Tough call. Detroit-based Wolf Eyes have captured the imagination of a particular demographic of ex-indie rock hipsters interested in surfing the white noise static wave of harsh noise, but who are largely unable to fully devote themselves to the pedal/steel lacerations of an Incapacitants or a Hijokaidan (or who just like the posture of listening to such antisocial music). Having a bunch of lame fans isn't their fault, and certainly many of their fans don't fit this hastily-sketched stereotype - but they are a divisive band, with some connoisseurs treating them like a guilty pleasure and others shunning them outright the second they permit rhythms/vocals/notes to enter the picture. But is the whole debate even worth our energy? How does this latest offering stack up?
I can kind of do without the meandering tracks of ambient amp buzz and wailing, sub-Lethal Weapon saxophone bleating, although "A Million Years" does build to a satisfyingly immolating crescendo and they do evoke that torture room ambience well. They inject some energy, nastiness and life into their screeching on "Human Animal," "Rusted Mange," "The Driller," and the untitled final track - as far as industrial scrape and clank goes, this species of brain numbing crunch seems acceptable. The liner notes offer a sort of predictably odd bit of photomontage, like Hannah Höch as raised by schizophrenic (eponymous?) wolves.

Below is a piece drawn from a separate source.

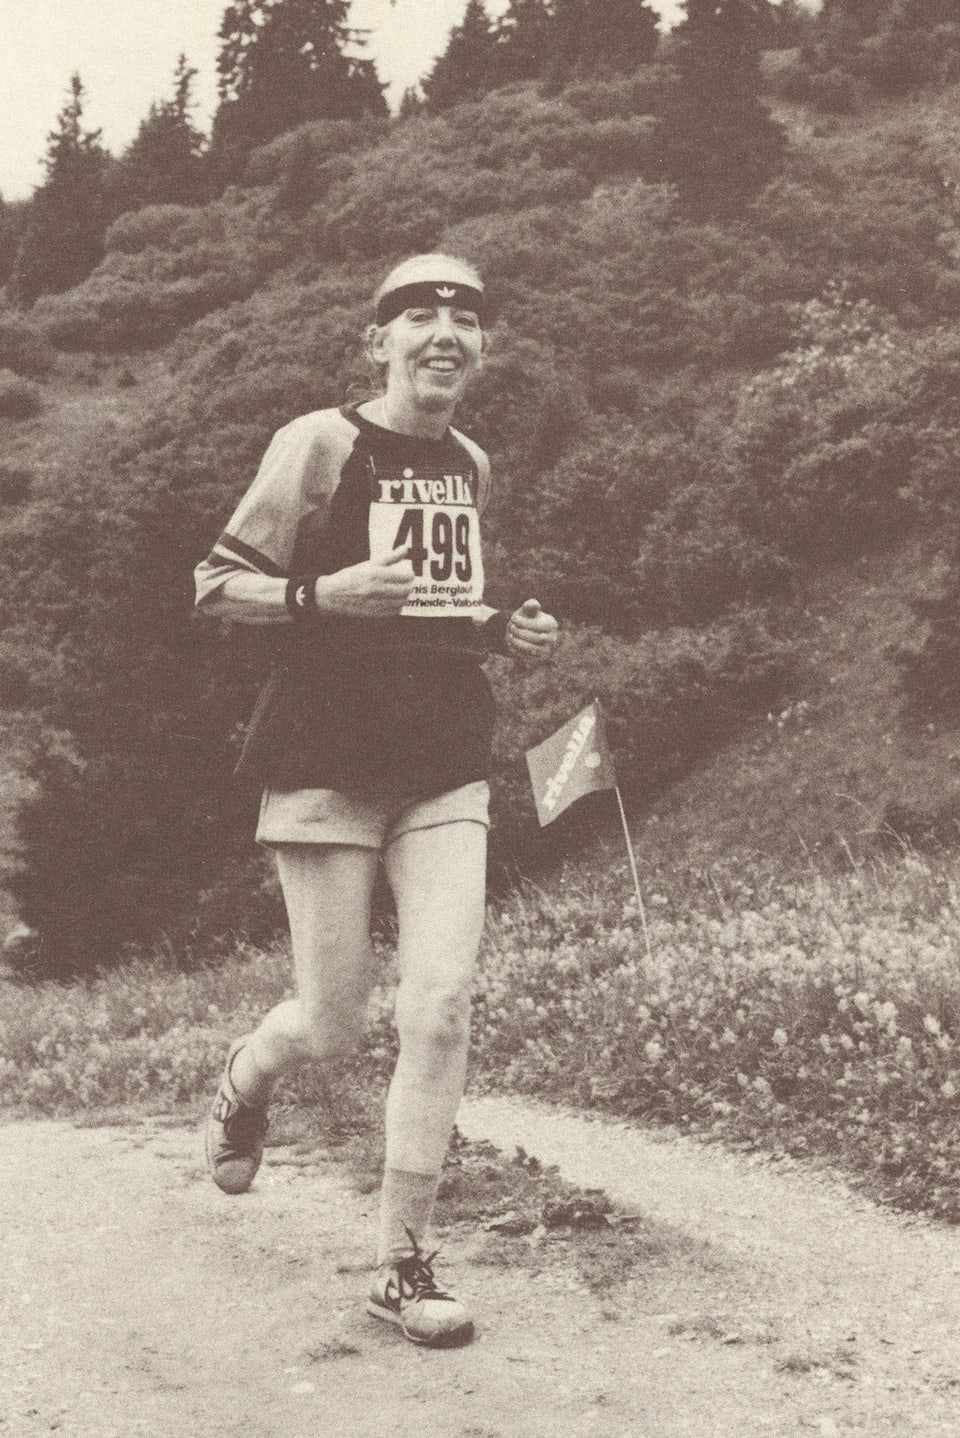 Frau mit Stirnband und kurzen Hosen auf Feldweg joggend.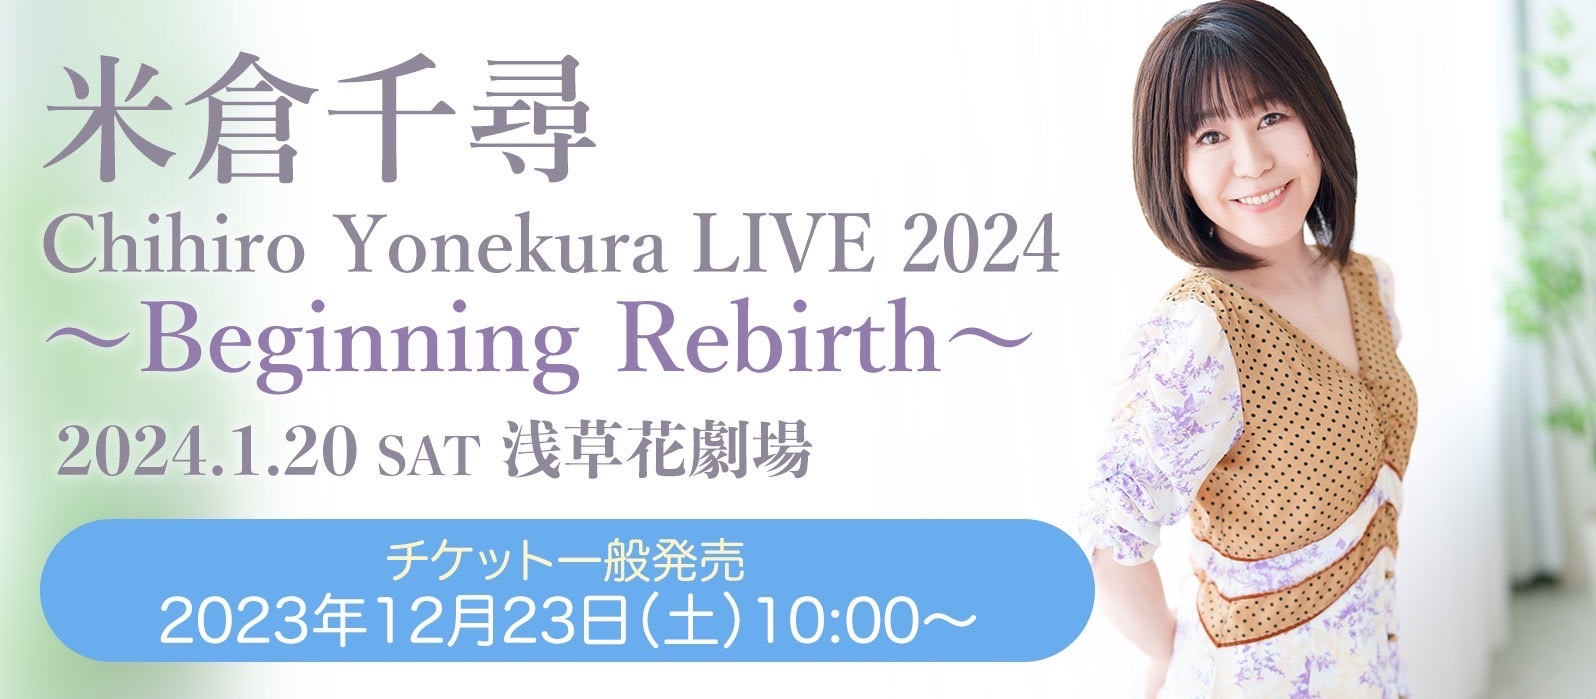 S席完売御礼&#128149;『Chihiro Yonekura LIVE 2024 〜Beginning Rebirth〜』チケット一般発売開始！_a0114206_17060388.jpeg

I can appreciate and applaud the high modernist dedication of a Masonna or even a Whitehouse, but bands like Wolf Eyes seem to want it both ways - serving up the supposed avant garde while clutching absently with one hand or tentacle to the rock continuum. They do deserve points for dynamic balance between their mood pieces and their messy outbursts, but neither extreme does much for me here. I hear these guys are Negative Approach fans - I wish this record had some of their desperate intensity. In the final analysis, this is the kind of music that I imagine will thrill some regardless of what I say, but I'm sorry to say I really can't see the point in it. It's obvious that their own freak scene entrances the music makers, and while that's well and good it precludes some of the broader community that dedicated rock bands or even harsh noisists can achieve. But how rad is it that in 2006, Sub Pop is still on top of the latest youth fixation?